Supplied information:

▼▼▼

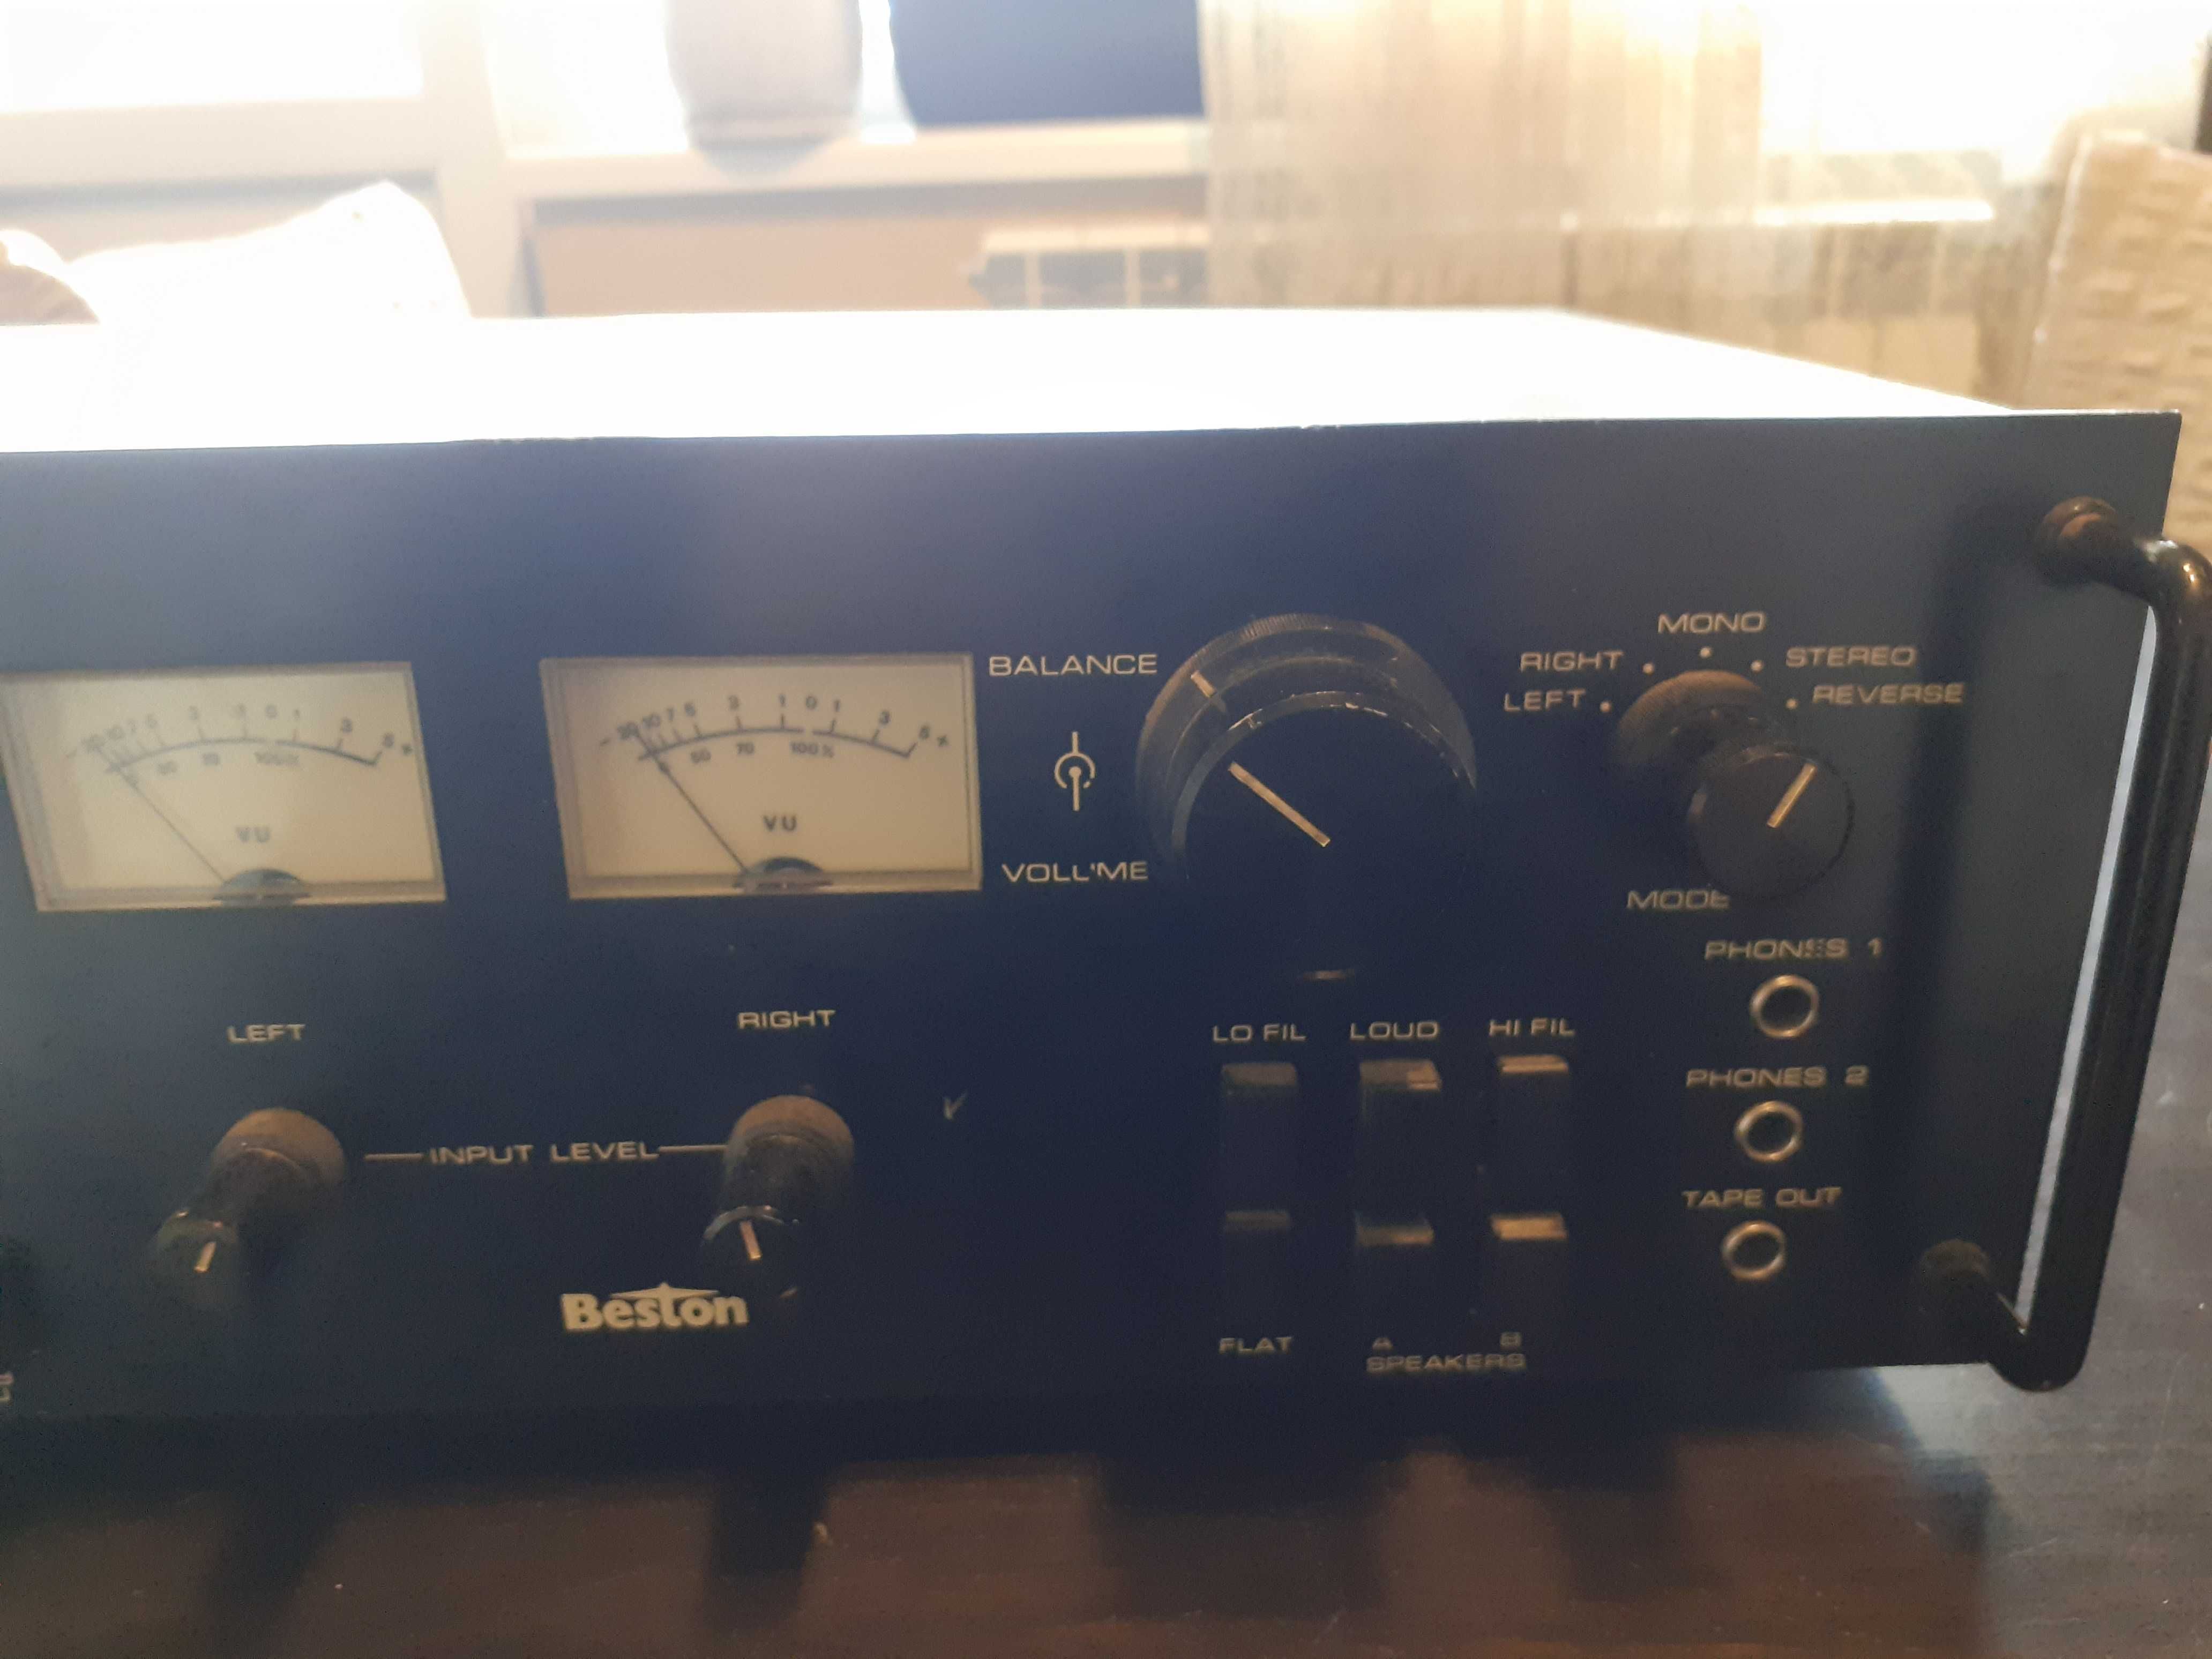 Beston v-1150 stereo amplifier
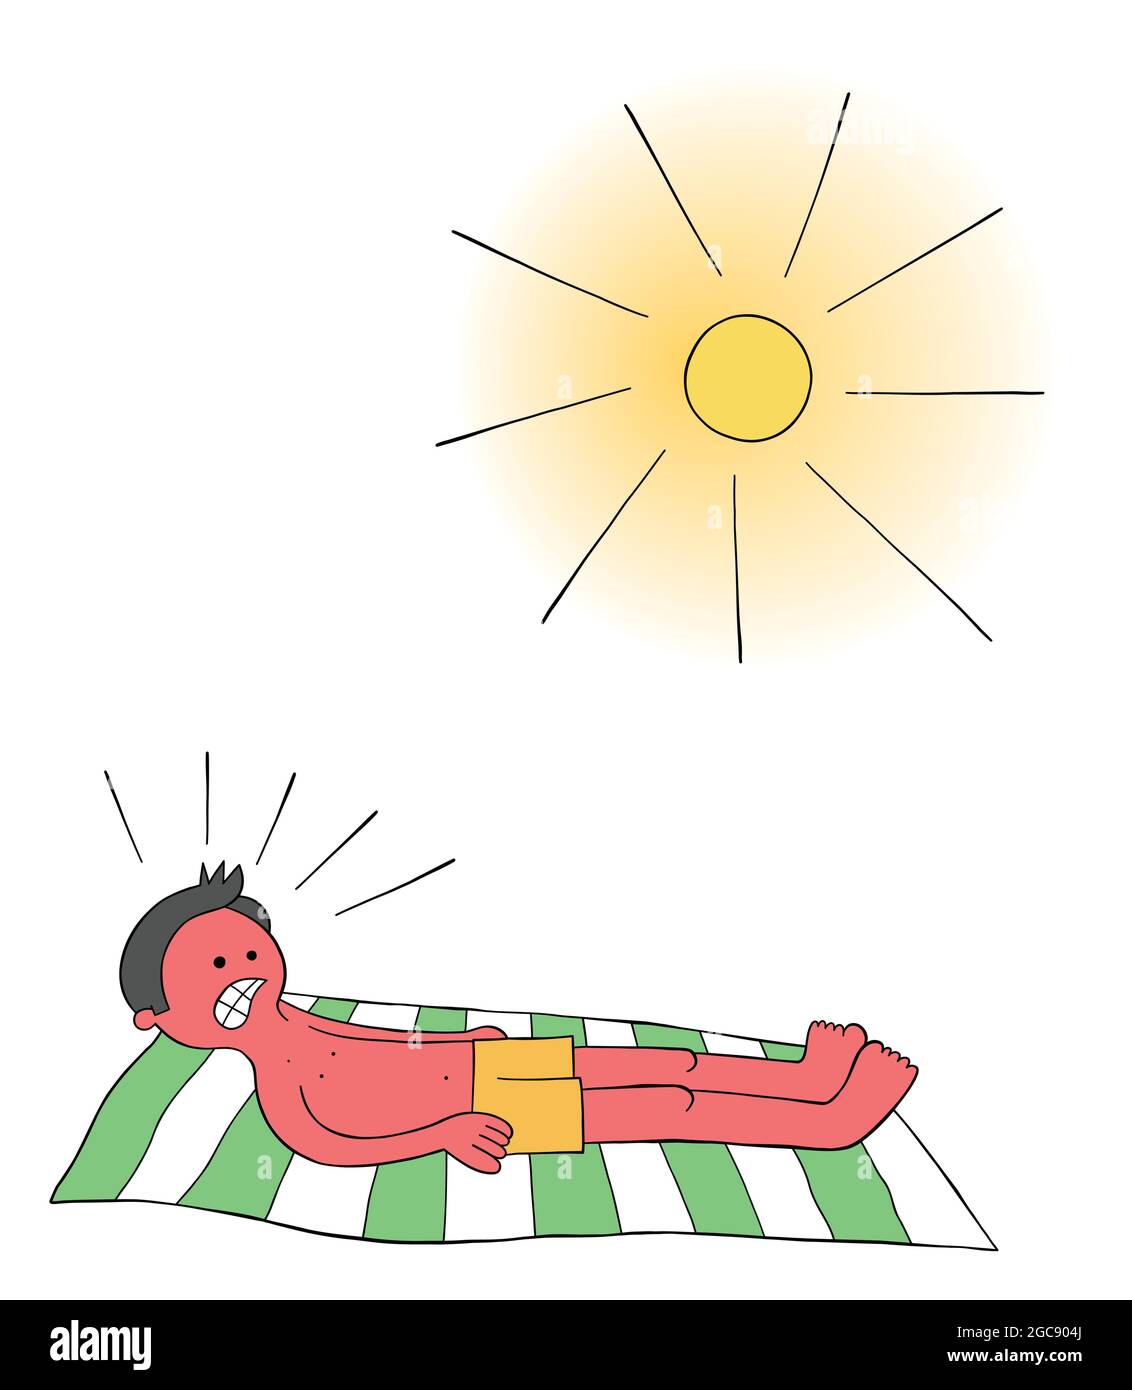 Homme de dessin animé qui prend le soleil sur la plage pendant des heures et quand il se réveille tout son corps est rouge brûlé illustration vectorielle. Contours colorés et noirs. Illustration de Vecteur
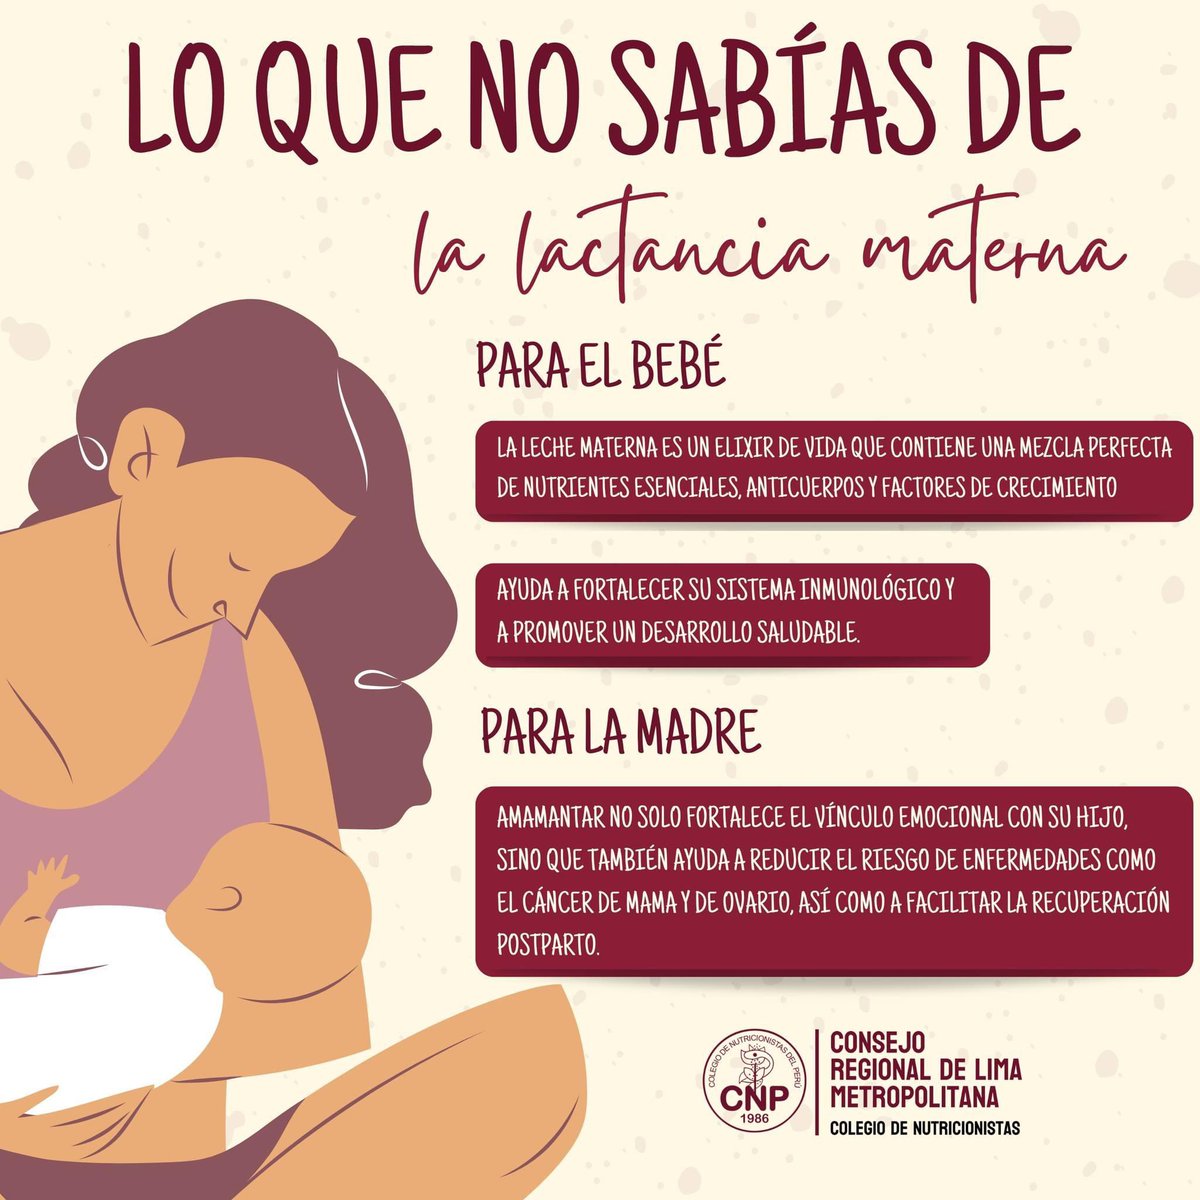 #LactanciaMaterna | La lactancia materna es mucho más que simplemente alimentar a un bebé. Es un acto de amor y nutrición que proporciona beneficios incomparables para la salud y el bienestar tanto del bebé como de la madre. 💕

👶 Para el bebé, la leche materna es un elixir de

▲▲▲

Directions:
Without copying any picture, write out all of the material exactly as it reads.

Response box:
 Beston v-1150 stereo amplifier
 Homme de dessin animé qui prend le soleil sur la plage pendant des heures et quand il se réveille tout son corps est rouge brûlé illustration vectorielle. Contours colorés et noirs. Illustration de Vecteur
 #LactanciaMaterna | La lactancia materna es mucho más que simplemente alimentar a un bebé. Es un acto de amor y nutrición que proporciona beneficios incomparables para la salud y el bienestar tanto del bebé como de la madre. 💕

👶 Para el bebé, la leche materna es un elixir de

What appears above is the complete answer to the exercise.